# Fuel Gauge Malfunction



## Duffy21690 (Feb 28, 2007)

I have owned my 1995 Altima since the summer and the gas gauge has never worked. I just use the tripometer to keep an eye on my gas. But recently another 1995 Altima came to the local wrecking yard so i swapped the sending units. Before the gauge would be anywhere, it would pick a new spot every so often. Now it stays between 3/4 and full and when I am near a 1/4 tank it drops to Empty for awhile then goes back up to 3/4 or full. Anyone else have this problem or have any possible fixes? i'd rather not buy a new sending unit if its something simple. Thanks in advance.


----------



## rod_88 (Jan 13, 2007)

Have you checked the connections on the adapter of the sending unit?


----------



## Duffy21690 (Feb 28, 2007)

in a sense yes. before we put the used sending unit in the tank we wired it into the connections that lead to the gauge and watched the gauge function properly. From full to empty and the low fuel light turning on and off. once it was in the tank and all buttoned up it went back to basically working how it did with the old one. Another thing is that the gas light is intermittent. It does work but it goes on and off. Sometimes it will come on right on time and other times it wont turn on until i have half a gallon left. Anyone know when the light is supposed to come on. I'm guessing its when it gets down to 10 gallons.


----------



## KA24Tech (Feb 2, 2004)

Check the tank ground as well as the body ground in back for the tail lights and up front near the battery or even under the dash. It could be another circuit using the fuel gauge as a return path. If you have a voltmeter touch it from ground point to ground point

Troy


----------



## Duffy21690 (Feb 28, 2007)

Thanks KA24 thats my next move.


----------



## ctwaley (Feb 3, 2007)

*gas gauge reads low*

On a related issue, what would cause the gas gauge to read low?........The gauge reads about 2+ gallons low (in other words, I have at least two more gallons than what the gauge indicates).......Other than being incorrectly calibrated, the gauge works just fine, including the low-gas indicator light coming on when really low on gas........

Thanx,
---Cole


----------



## KA24Tech (Feb 2, 2004)

ctwaley said:


> On a related issue, what would cause the gas gauge to read low?........The gauge reads about 2+ gallons low (in other words, I have at least two more gallons than what the gauge indicates).......Other than being incorrectly calibrated, the gauge works just fine, including the low-gas indicator light coming on when really low on gas........
> 
> Thanx,
> ---Cole


That's normal for the Altima (or pretty much any car that I know of) and is sort of a safety margin so you don't run out of gas shortly after it is on empty.

Troy


----------



## Duffy21690 (Feb 28, 2007)

How many grounds does a 1995 GXE have?


----------



## smj999smj (Jan 1, 2006)

It has dozens of ground points.
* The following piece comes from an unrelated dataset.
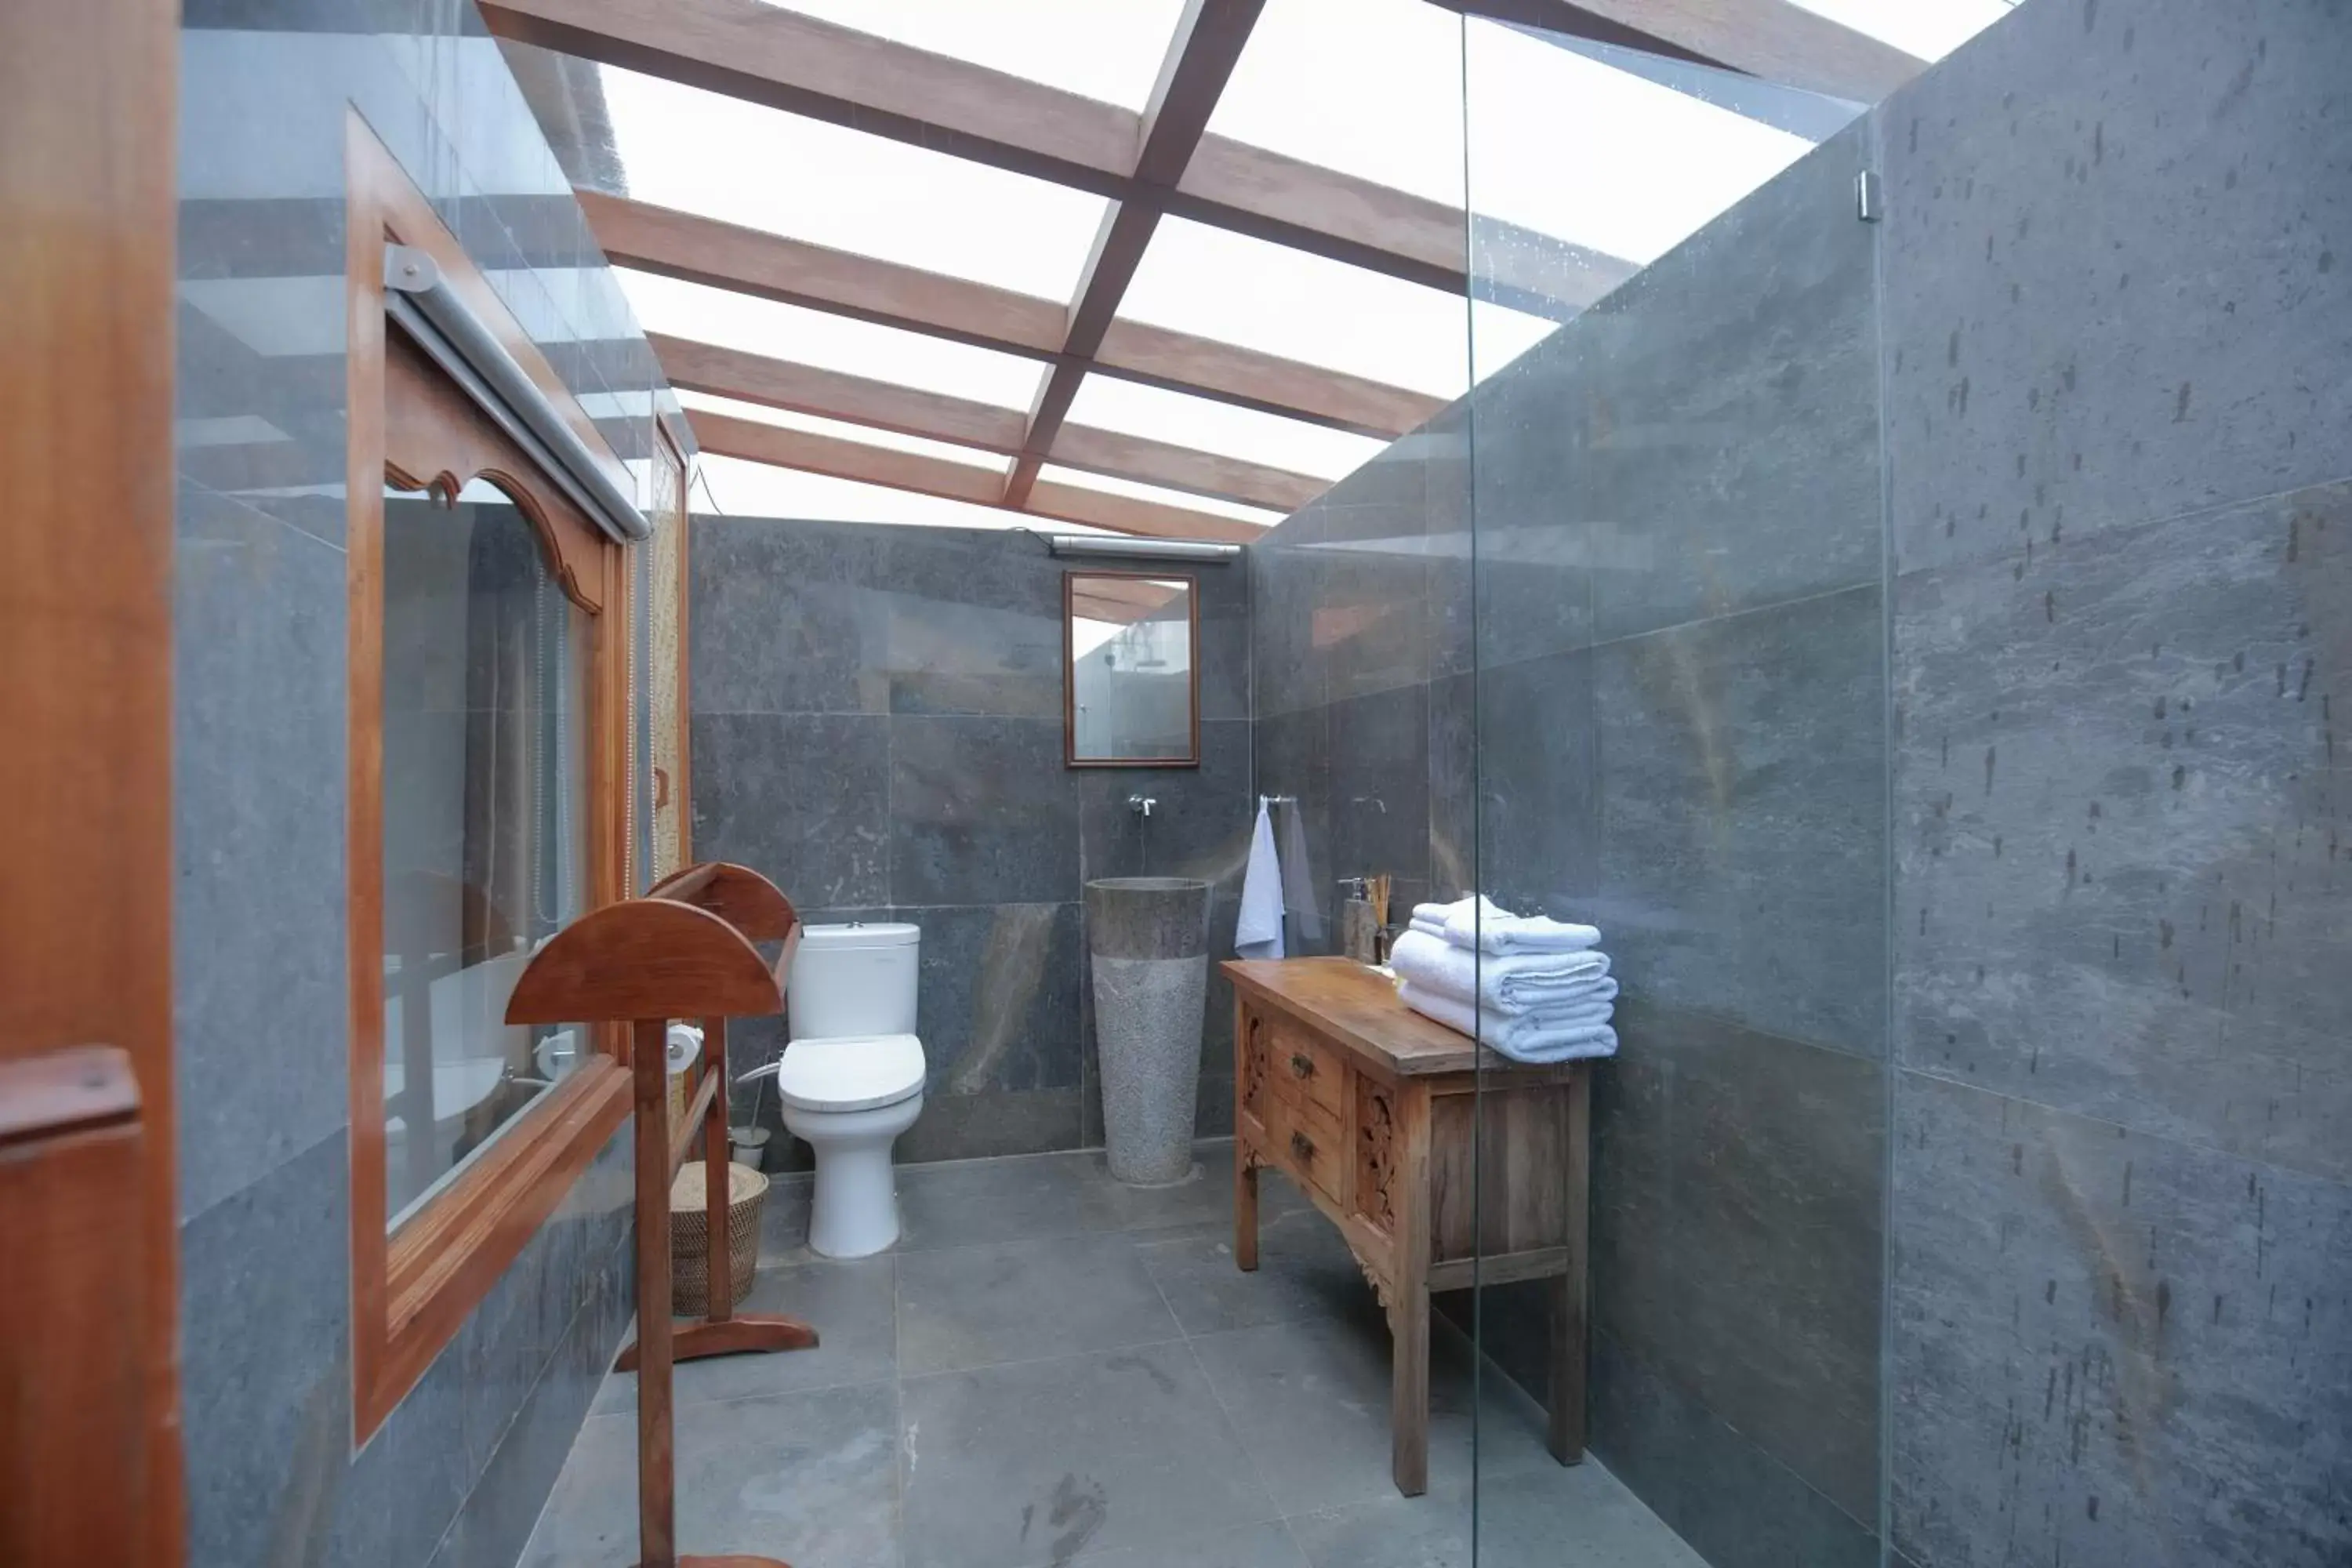 Shower, Bathroom in Gayatri

I would simply do a resistance check between the ground wire at the sender harness connector to a clean body point. If there's minimal resistance, the circuit is fine. Chances are the sending unit is bad. I've replaced a lot of them in Altimas. If my memory is correct, there's even an adjustment fixture incorporated into the sending unit to help calibrate the gauge, if it's off. I know it's the case on the L30, as I had to adjust a few of them. Make sure you get a new seal as the old one can bloat if it gets exposed to fuel. There's a special tool to remove the sender assy. retaining ring and reinstall; it's not necessary, but it sure does make the job a lot easier!


----------